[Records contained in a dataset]

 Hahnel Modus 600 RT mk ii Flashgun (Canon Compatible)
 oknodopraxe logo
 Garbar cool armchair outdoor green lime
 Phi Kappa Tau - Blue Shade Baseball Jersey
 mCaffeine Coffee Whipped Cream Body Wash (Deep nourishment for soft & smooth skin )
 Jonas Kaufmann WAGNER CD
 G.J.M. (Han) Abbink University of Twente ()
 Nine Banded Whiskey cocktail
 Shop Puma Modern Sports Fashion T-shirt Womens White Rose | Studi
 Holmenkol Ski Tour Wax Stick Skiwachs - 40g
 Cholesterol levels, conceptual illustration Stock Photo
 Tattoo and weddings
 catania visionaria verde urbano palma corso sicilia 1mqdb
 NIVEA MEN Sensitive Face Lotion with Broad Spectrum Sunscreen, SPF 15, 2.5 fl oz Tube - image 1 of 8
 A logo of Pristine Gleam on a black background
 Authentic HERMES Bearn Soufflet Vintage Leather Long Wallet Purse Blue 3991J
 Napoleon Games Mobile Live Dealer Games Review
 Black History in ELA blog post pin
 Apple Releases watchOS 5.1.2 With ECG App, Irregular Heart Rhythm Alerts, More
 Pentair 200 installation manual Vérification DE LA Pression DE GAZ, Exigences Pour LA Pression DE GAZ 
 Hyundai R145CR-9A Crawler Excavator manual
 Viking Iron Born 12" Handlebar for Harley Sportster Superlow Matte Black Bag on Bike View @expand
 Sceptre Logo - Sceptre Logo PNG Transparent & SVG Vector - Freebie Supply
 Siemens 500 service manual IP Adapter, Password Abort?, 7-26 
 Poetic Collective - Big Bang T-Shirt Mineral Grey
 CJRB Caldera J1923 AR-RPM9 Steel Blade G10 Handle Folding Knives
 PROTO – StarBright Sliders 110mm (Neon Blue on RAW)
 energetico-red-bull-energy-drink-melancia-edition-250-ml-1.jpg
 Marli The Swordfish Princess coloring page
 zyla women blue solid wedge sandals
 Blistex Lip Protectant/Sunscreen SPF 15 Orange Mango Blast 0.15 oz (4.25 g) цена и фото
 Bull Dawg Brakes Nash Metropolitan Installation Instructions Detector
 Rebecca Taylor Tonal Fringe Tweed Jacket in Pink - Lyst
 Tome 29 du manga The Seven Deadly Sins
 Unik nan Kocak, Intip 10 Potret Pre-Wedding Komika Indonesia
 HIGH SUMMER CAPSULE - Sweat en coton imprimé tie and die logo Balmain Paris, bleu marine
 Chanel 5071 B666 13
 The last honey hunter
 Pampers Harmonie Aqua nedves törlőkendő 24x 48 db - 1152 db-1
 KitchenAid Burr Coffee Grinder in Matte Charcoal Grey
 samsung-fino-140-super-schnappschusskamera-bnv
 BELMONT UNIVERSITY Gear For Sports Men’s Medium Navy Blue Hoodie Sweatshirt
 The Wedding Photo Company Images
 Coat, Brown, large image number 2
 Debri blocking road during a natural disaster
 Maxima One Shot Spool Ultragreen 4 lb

» **What is being asked**
Transcribe only, please, the lines from the first line of the records through the line with "catania visionaria verde". Both of those lines are included.

» **Result for this exercise**
 Hahnel Modus 600 RT mk ii Flashgun (Canon Compatible)
 oknodopraxe logo
 Garbar cool armchair outdoor green lime
 Phi Kappa Tau - Blue Shade Baseball Jersey
 mCaffeine Coffee Whipped Cream Body Wash (Deep nourishment for soft & smooth skin )
 Jonas Kaufmann WAGNER CD
 G.J.M. (Han) Abbink University of Twente ()
 Nine Banded Whiskey cocktail
 Shop Puma Modern Sports Fashion T-shirt Womens White Rose | Studi
 Holmenkol Ski Tour Wax Stick Skiwachs - 40g
 Cholesterol levels, conceptual illustration Stock Photo
 Tattoo and weddings
 catania visionaria verde urbano palma corso sicilia 1mqdb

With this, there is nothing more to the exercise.